Here's what wiki says about Jandek:

Although never formally confirmed, it is widely accepted that Jandek's real name is Sterling Richard Smith (probably born October 26, 1945); a review of Ready for the House in OP magazine, the first ever national press given to Jandek, refers to the artist as Sterling Smith,[1] checks written to Corwood come back endorsed by Smith, and Smith is listed as the claimant in the copyright records for Jandek's albums at the Library of Congress. Despite this evidence, Corwood never uses the name in connection with Jandek, and, in turn, many of Jandek's fans respectfully maintain this separation. He is widely believed to live in the area of Houston, Texas, as this is the location of the post office box (No. 15375) which has been used by Corwood from the beginning. There is also a telephone number for Corwood Industries listed in the phone book for the area. Corwood happens to share the number with "Sterling Smith Corporation", which appears to be a stock and securities broker.
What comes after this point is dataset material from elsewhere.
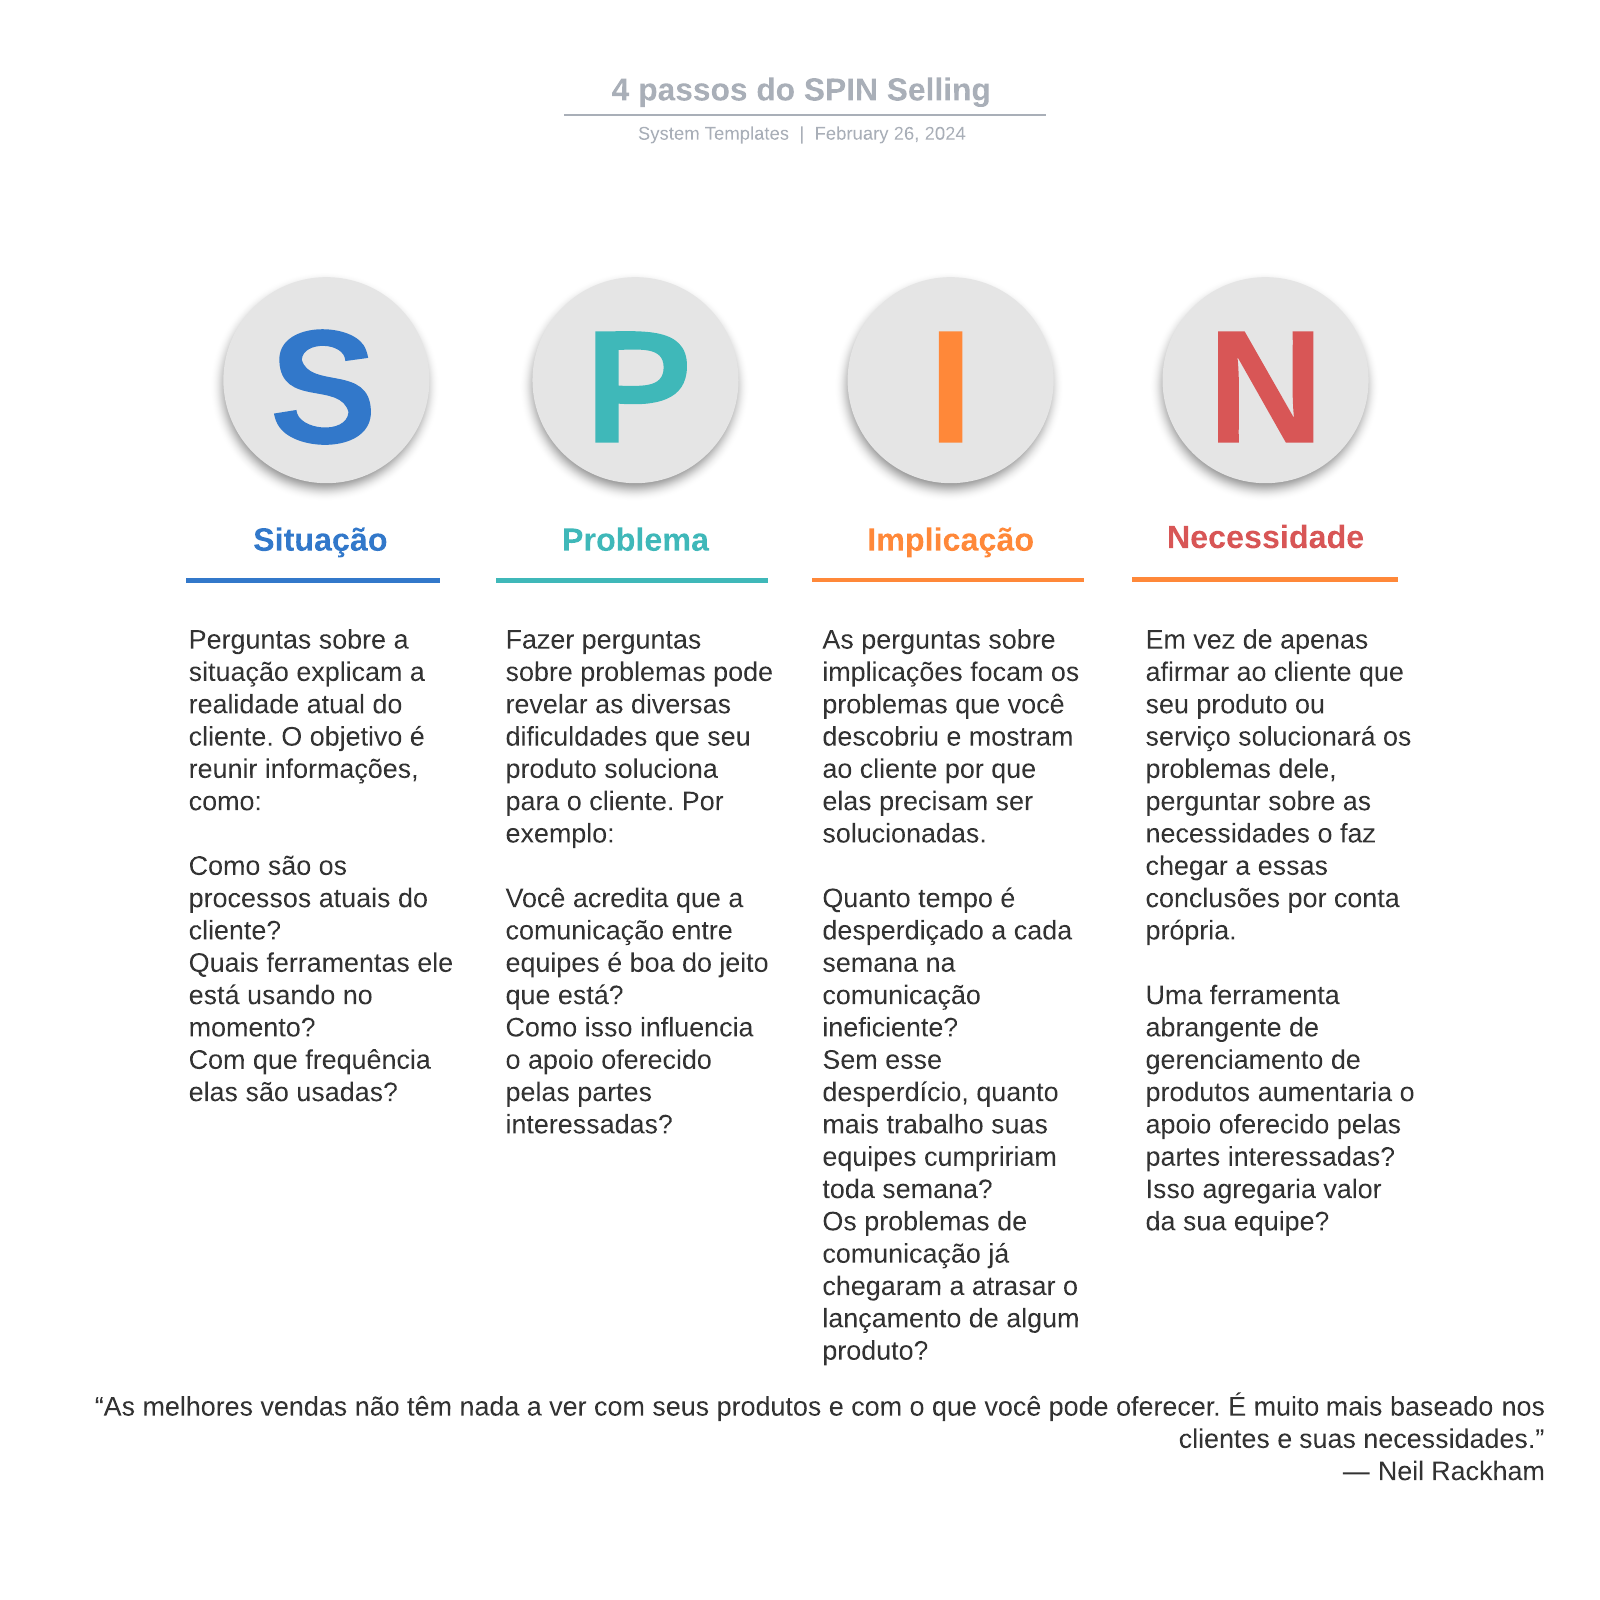 4 passos do SPIN Selling example

Jandek's first album, Ready for the House, though obviously a solo work, was originally credited to a band called The Units. As explained in an interview in the first issue of Spin, Smith was forced to change the name by an identically named Californian group already in possession of a copyright. All reissues of this first album and all subsequent Corwood releases have been credited to "Jandek". In Trubee's interview, Smith claims he came up with the name Jandek while on the telephone with a person named Decker during the month of January.[4] Smith's initial use of a plural band name (and Corwood's curious tendency to refer to Jandek as "a representative from Corwood Industries") has led some fans to suggest that the reclusive artist intended his oeuvre to be perceived as the work of an anonymous collective rather than that of a single man. Indeed, though roughly two-thirds of his records are solo affairs, the other third have variably featured female vocalists, different male vocalists, bass guitar, electric guitar, drums, and accordion.

One could conjure all sorts of images of what kind of guy was making this obscure and sparse music. The post office box was at a South Houston zip code and one could imagine Jandek living in some sparsely furnished wood framed ramshackle house in a not so nice sketchy part of town.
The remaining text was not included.